### [Provided data]
........

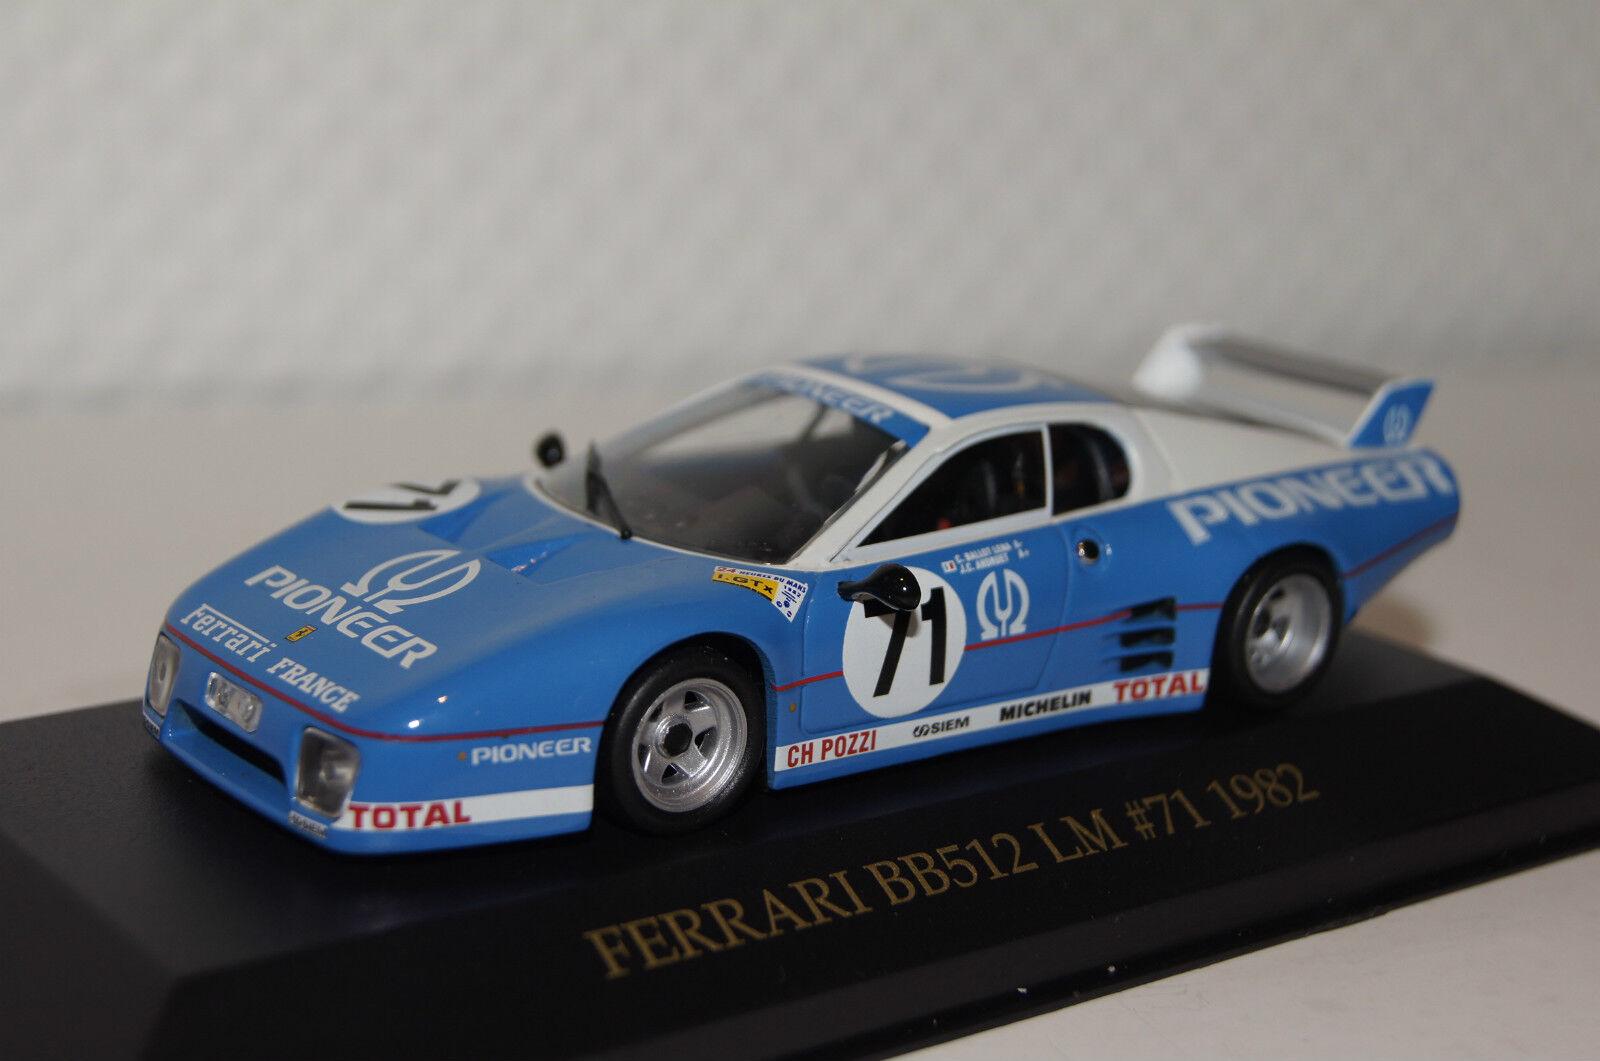 ventas en linea Ferrari bb512lm  71 1982 1982 1982 1 43 Ixo nuevo con embalaje original fer006  precioso
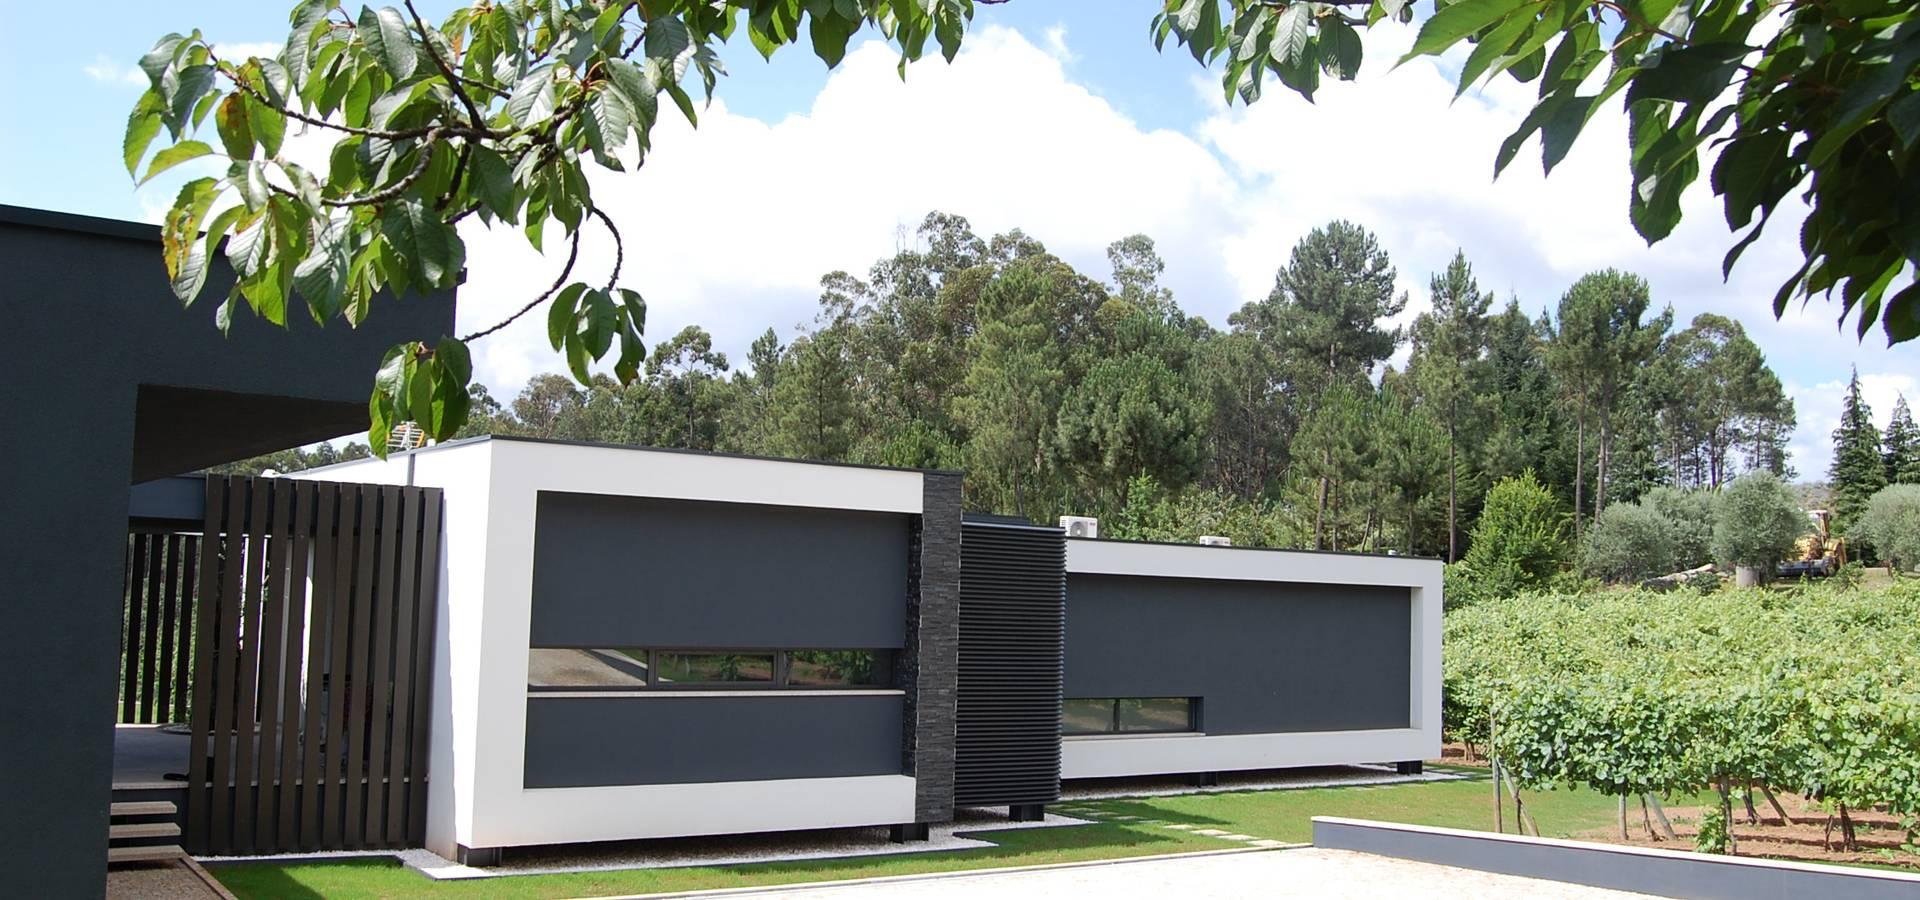 Engebasto – Atividades de Engenharia e Arquitetura, Lda
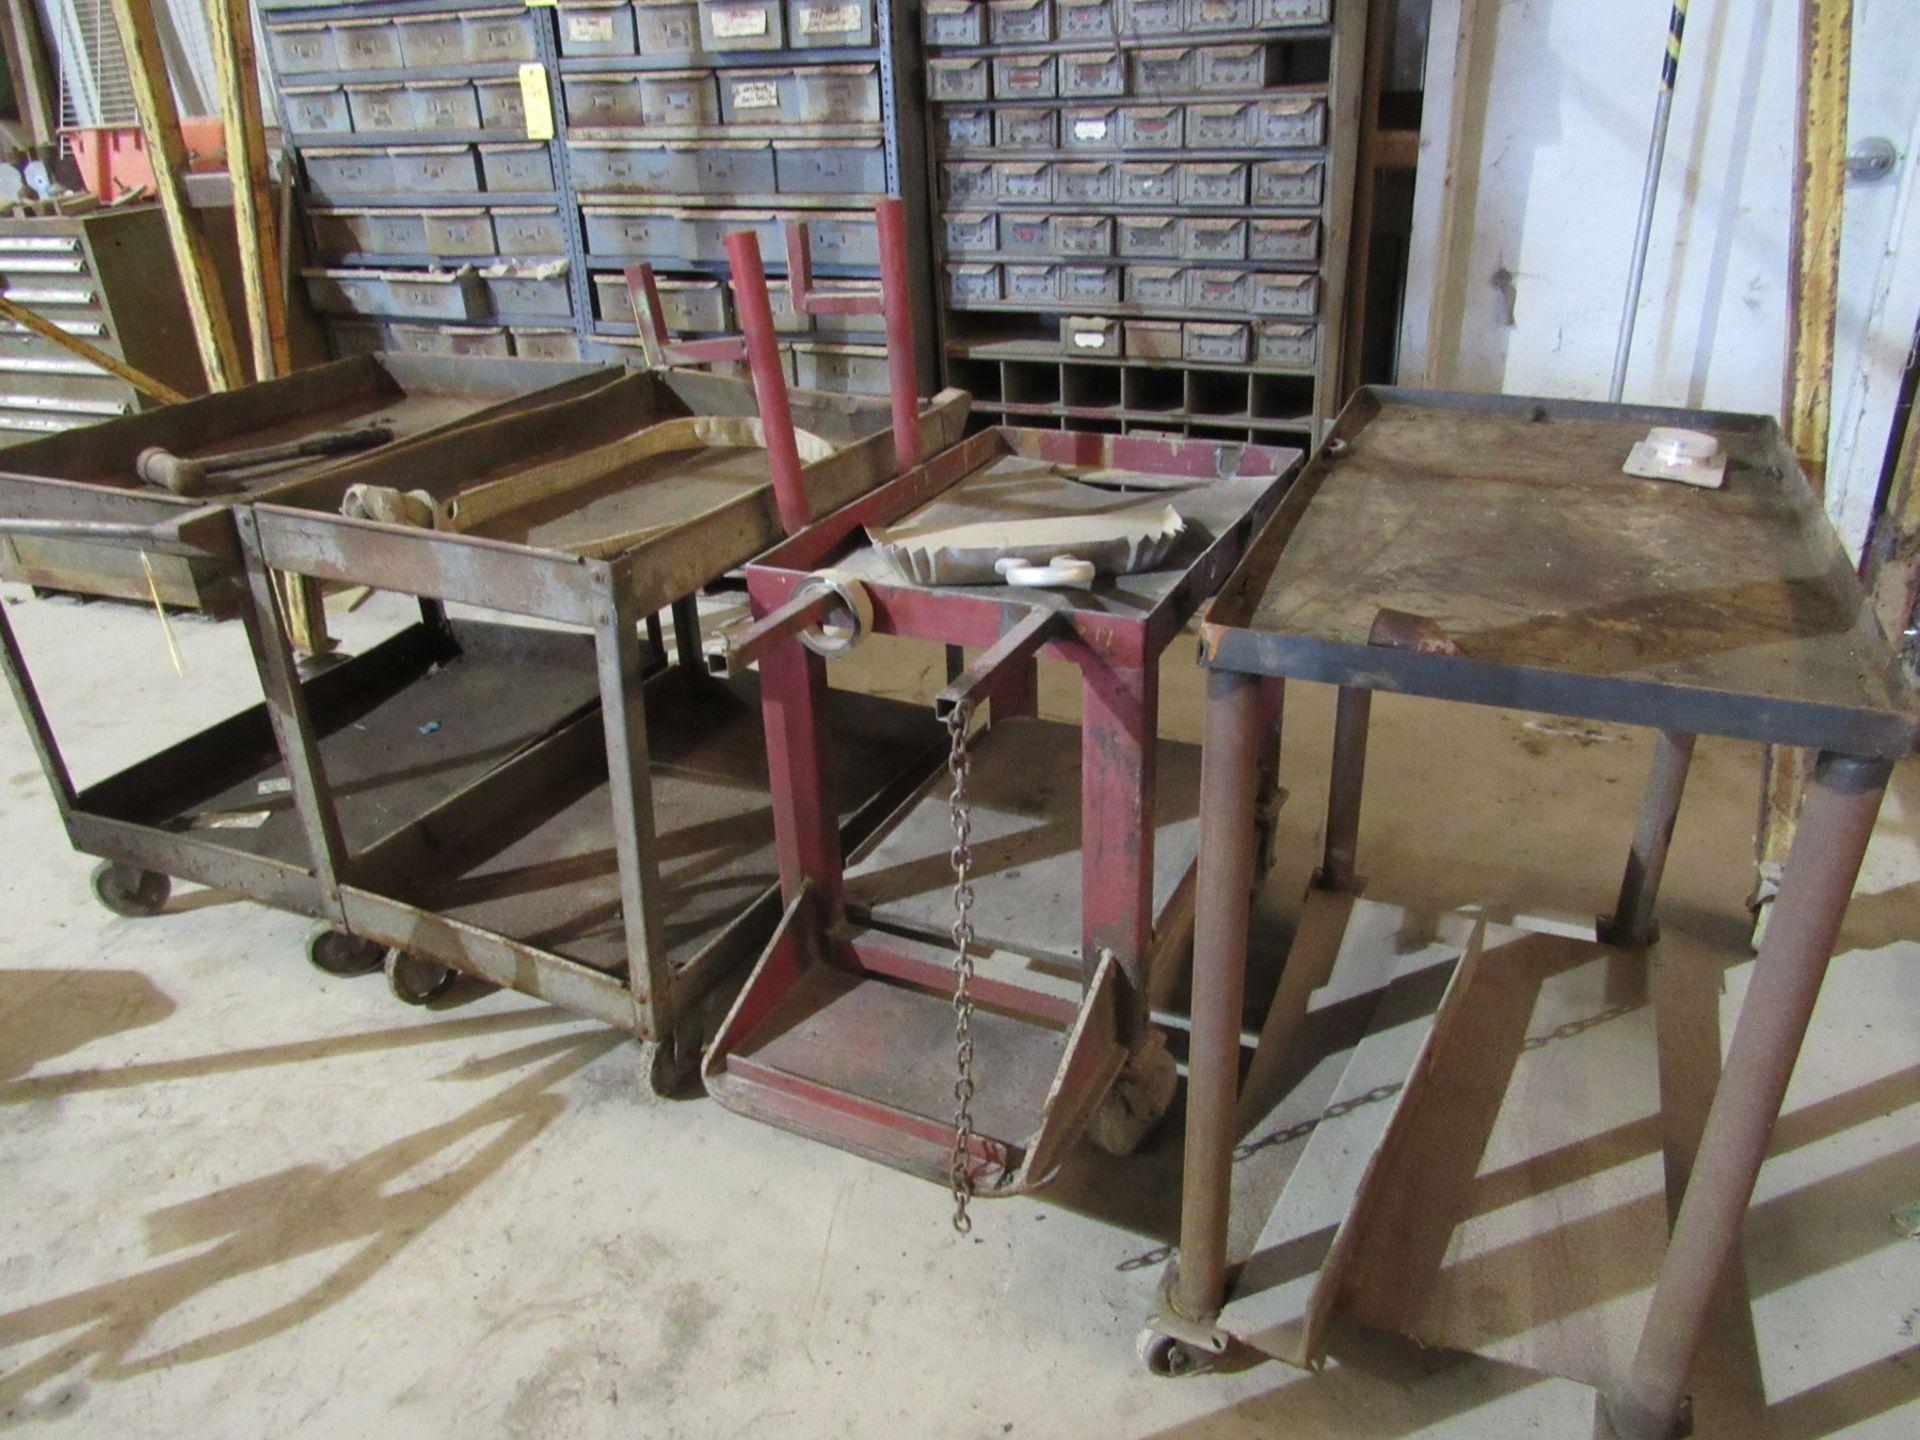 Lot of 4: Shop Carts

........

### [About this task]
Copy all of the data word for word, and keep the pictures out of it.

### [Answer for the task]
 ventas en linea Ferrari bb512lm  71 1982 1982 1982 1 43 Ixo nuevo con embalaje original fer006  precioso
 Engebasto – Atividades de Engenharia e Arquitetura, Lda
 Lot of 4: Shop Carts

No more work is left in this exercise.